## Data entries
--*--
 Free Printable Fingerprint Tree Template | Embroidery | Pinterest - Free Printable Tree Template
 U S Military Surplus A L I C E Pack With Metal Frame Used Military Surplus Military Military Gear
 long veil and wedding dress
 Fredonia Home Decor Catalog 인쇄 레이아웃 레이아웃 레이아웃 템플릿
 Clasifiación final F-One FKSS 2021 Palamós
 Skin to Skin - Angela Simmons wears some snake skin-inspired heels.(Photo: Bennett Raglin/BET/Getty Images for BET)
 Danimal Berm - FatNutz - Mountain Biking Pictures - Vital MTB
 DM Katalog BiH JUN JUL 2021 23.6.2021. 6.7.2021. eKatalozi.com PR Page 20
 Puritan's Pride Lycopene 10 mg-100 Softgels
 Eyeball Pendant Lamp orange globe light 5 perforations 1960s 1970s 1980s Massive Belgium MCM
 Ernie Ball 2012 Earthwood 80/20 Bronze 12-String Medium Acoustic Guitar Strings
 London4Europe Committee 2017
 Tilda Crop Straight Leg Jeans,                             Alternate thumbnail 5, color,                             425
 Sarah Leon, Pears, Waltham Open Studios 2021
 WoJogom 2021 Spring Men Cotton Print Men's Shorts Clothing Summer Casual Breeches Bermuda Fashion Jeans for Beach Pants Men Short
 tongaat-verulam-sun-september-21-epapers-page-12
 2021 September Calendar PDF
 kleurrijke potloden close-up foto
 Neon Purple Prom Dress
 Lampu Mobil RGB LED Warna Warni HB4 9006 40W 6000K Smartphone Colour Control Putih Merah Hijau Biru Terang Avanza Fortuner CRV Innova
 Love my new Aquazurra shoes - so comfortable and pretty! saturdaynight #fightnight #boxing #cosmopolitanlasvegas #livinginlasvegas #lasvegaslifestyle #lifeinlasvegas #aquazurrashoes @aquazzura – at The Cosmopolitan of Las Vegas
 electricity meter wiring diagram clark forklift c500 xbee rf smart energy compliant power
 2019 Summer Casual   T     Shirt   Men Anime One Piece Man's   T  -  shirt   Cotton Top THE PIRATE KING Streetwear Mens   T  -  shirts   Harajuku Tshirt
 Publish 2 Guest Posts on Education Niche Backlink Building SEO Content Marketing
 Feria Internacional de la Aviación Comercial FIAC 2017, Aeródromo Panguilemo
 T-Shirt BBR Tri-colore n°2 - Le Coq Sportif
--*--
## WHAT IS REQUIRED
Repeat back the data above, exact to the last character.

## YOUR RESPONSE
 Free Printable Fingerprint Tree Template | Embroidery | Pinterest - Free Printable Tree Template
 U S Military Surplus A L I C E Pack With Metal Frame Used Military Surplus Military Military Gear
 long veil and wedding dress
 Fredonia Home Decor Catalog 인쇄 레이아웃 레이아웃 레이아웃 템플릿
 Clasifiación final F-One FKSS 2021 Palamós
 Skin to Skin - Angela Simmons wears some snake skin-inspired heels.(Photo: Bennett Raglin/BET/Getty Images for BET)
 Danimal Berm - FatNutz - Mountain Biking Pictures - Vital MTB
 DM Katalog BiH JUN JUL 2021 23.6.2021. 6.7.2021. eKatalozi.com PR Page 20
 Puritan's Pride Lycopene 10 mg-100 Softgels
 Eyeball Pendant Lamp orange globe light 5 perforations 1960s 1970s 1980s Massive Belgium MCM
 Ernie Ball 2012 Earthwood 80/20 Bronze 12-String Medium Acoustic Guitar Strings
 London4Europe Committee 2017
 Tilda Crop Straight Leg Jeans,                             Alternate thumbnail 5, color,                             425
 Sarah Leon, Pears, Waltham Open Studios 2021
 WoJogom 2021 Spring Men Cotton Print Men's Shorts Clothing Summer Casual Breeches Bermuda Fashion Jeans for Beach Pants Men Short
 tongaat-verulam-sun-september-21-epapers-page-12
 2021 September Calendar PDF
 kleurrijke potloden close-up foto
 Neon Purple Prom Dress
 Lampu Mobil RGB LED Warna Warni HB4 9006 40W 6000K Smartphone Colour Control Putih Merah Hijau Biru Terang Avanza Fortuner CRV Innova
 Love my new Aquazurra shoes - so comfortable and pretty! saturdaynight #fightnight #boxing #cosmopolitanlasvegas #livinginlasvegas #lasvegaslifestyle #lifeinlasvegas #aquazurrashoes @aquazzura – at The Cosmopolitan of Las Vegas
 electricity meter wiring diagram clark forklift c500 xbee rf smart energy compliant power
 2019 Summer Casual   T     Shirt   Men Anime One Piece Man's   T  -  shirt   Cotton Top THE PIRATE KING Streetwear Mens   T  -  shirts   Harajuku Tshirt
 Publish 2 Guest Posts on Education Niche Backlink Building SEO Content Marketing
 Feria Internacional de la Aviación Comercial FIAC 2017, Aeródromo Panguilemo
 T-Shirt BBR Tri-colore n°2 - Le Coq Sportif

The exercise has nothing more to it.